At the same time, all attempts by the US to restore its authority and influence through small victorious wars only lead to a deterioration of its strategic position. Washington is drawn into senseless and futile conflicts, from which it cannot emerge with a victory, and is forced to think only about saving face.

At some stage, it will become clear to the Americans that the stakes should be raised again. If the Iranian card has not been played and the Middle East has been lost, it is necessary to play the Chinese card and win the Far East (and this is a confrontation with a nuclear power). Then, only a direct conflict with Russia.

At the same time, if the United States can afford to surrender in a clash with the DPRK, Turkey, or Iran (Russia, too, did not show up to the war with Ukraine [the US hoped to force Russia to officially enter the war in Donbass – ed]), then in a direct confrontation with China, even more so with Russia, a retreat after threats have been uttered means farewell to the status of hegemon.

Consequently, the Americans will either start a major regional war capable of developing into a world war (Washington still considers itself capable of controlling the development of such conflicts, although in fact they almost immediately spiral out of control), or it will raise the stakes and head towards not an economic, but military-political confrontation with China, realising that it is impossible to retreat.

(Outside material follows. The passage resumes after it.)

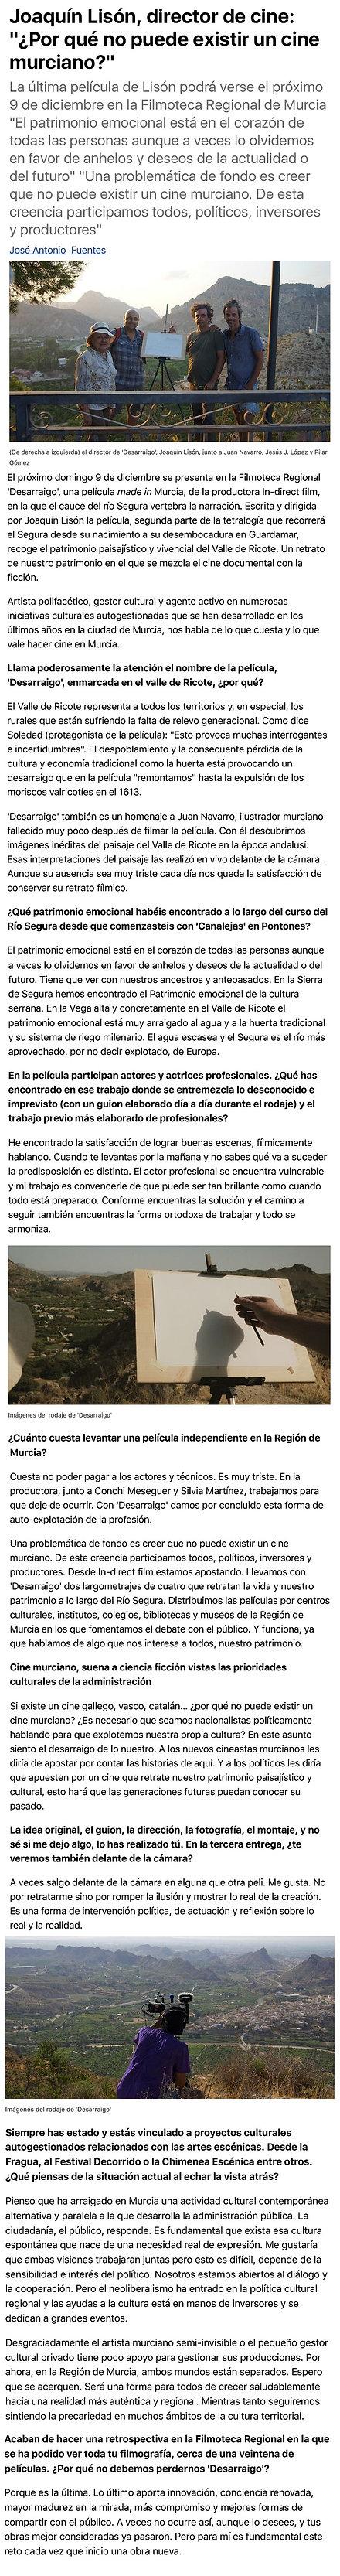 Cine Murciano.jpg

If it were not for this clear and unequivocal military threat, I would say that Russia has achieved an ideal position. Washington wanted to get Moscow into a lot of minor conflicts with secondary countries that would sap all the juice out of Russia, and the US would watch from the sidelines, increasing its power.

It turned out that the Americans themselves entered into a lot of conflicts with secondary countries, wasted all their resources in them, and Russia quietly watched it from the sidelines, gave dosed (so as not to be drawn into the conflict itself) support to the opponents of the United States, and gained strength.

But Washington does not forget for a minute who their main opponent is, and the US military officially believes that a global nuclear war can be won. The less space the Americans have to manoeuvre, the closer they are to making the decision to flip the board.